• Exercise directions:
Only one portion of the data is to be written out: from the line bearing "Ein eleganter japanischer" through the line bearing "Die anmutigen Fische". Write it exactly as it appears.

• Dataset extract:
+++

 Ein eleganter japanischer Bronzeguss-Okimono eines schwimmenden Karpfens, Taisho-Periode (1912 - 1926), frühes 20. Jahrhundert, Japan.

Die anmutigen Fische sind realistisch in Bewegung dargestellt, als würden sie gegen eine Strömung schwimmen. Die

+++

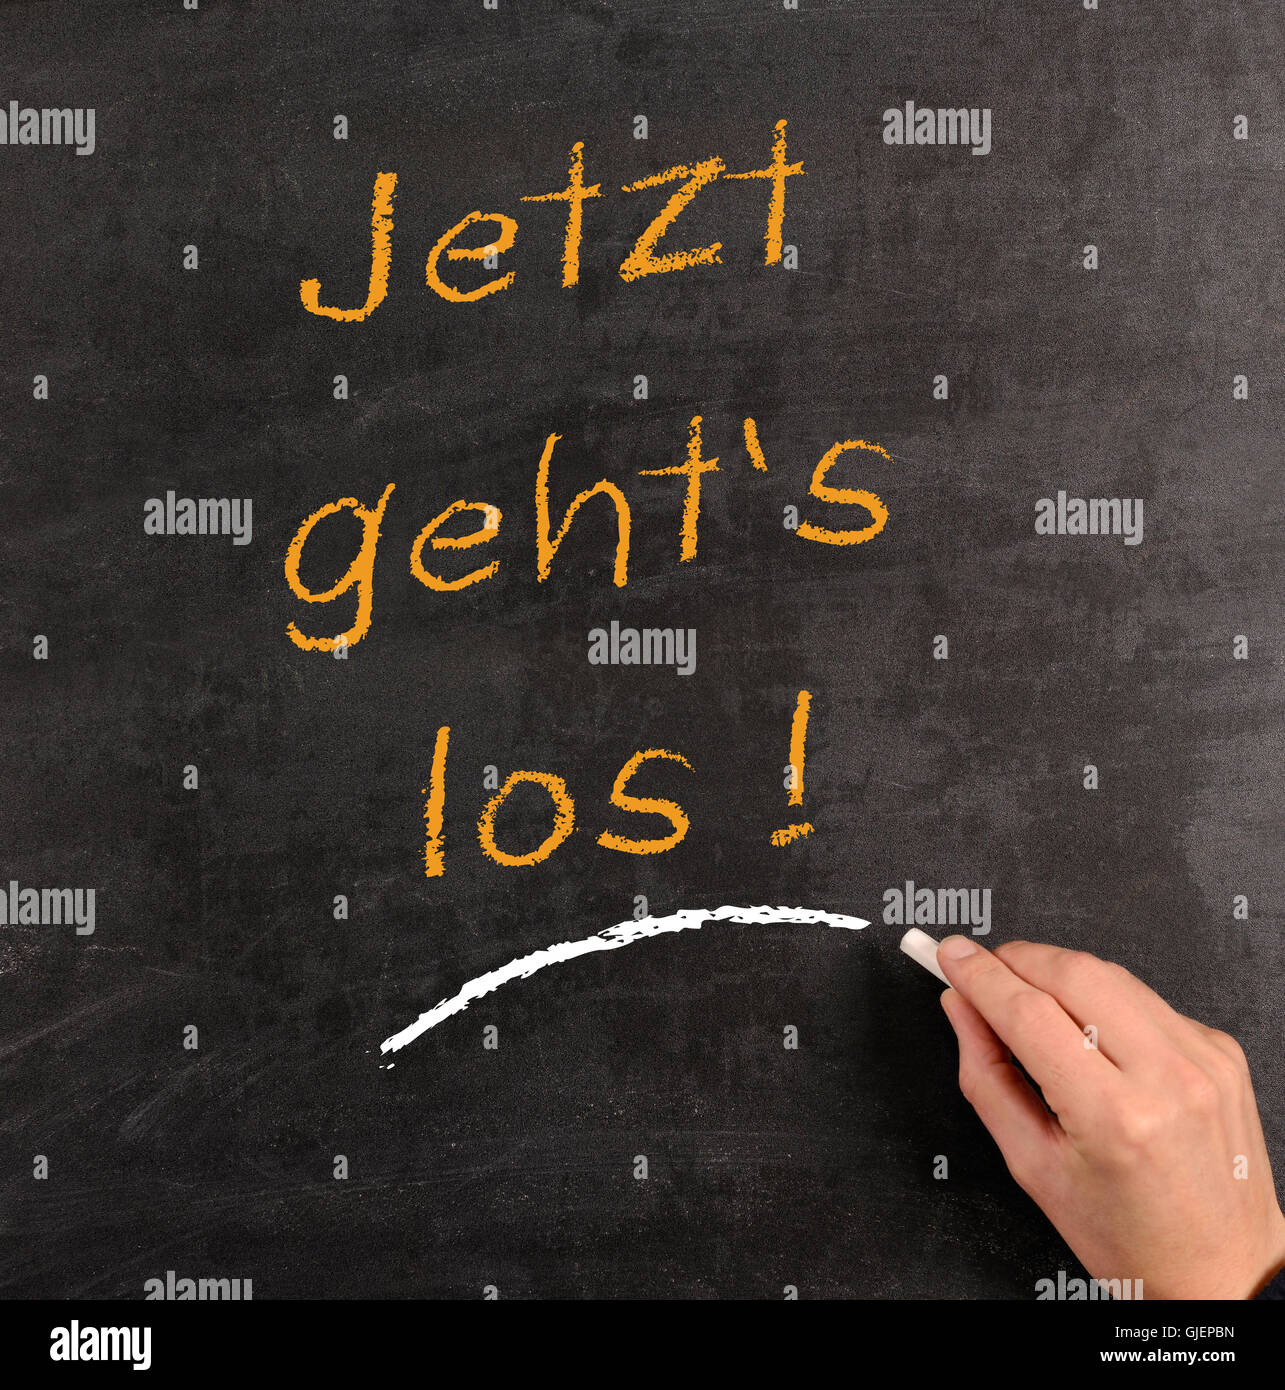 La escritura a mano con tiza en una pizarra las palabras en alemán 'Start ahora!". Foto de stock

+++

• Result of this task:
 Ein eleganter japanischer Bronzeguss-Okimono eines schwimmenden Karpfens, Taisho-Periode (1912 - 1926), frühes 20. Jahrhundert, Japan.

Die anmutigen Fische sind realistisch in Bewegung dargestellt, als würden sie gegen eine Strömung schwimmen. Die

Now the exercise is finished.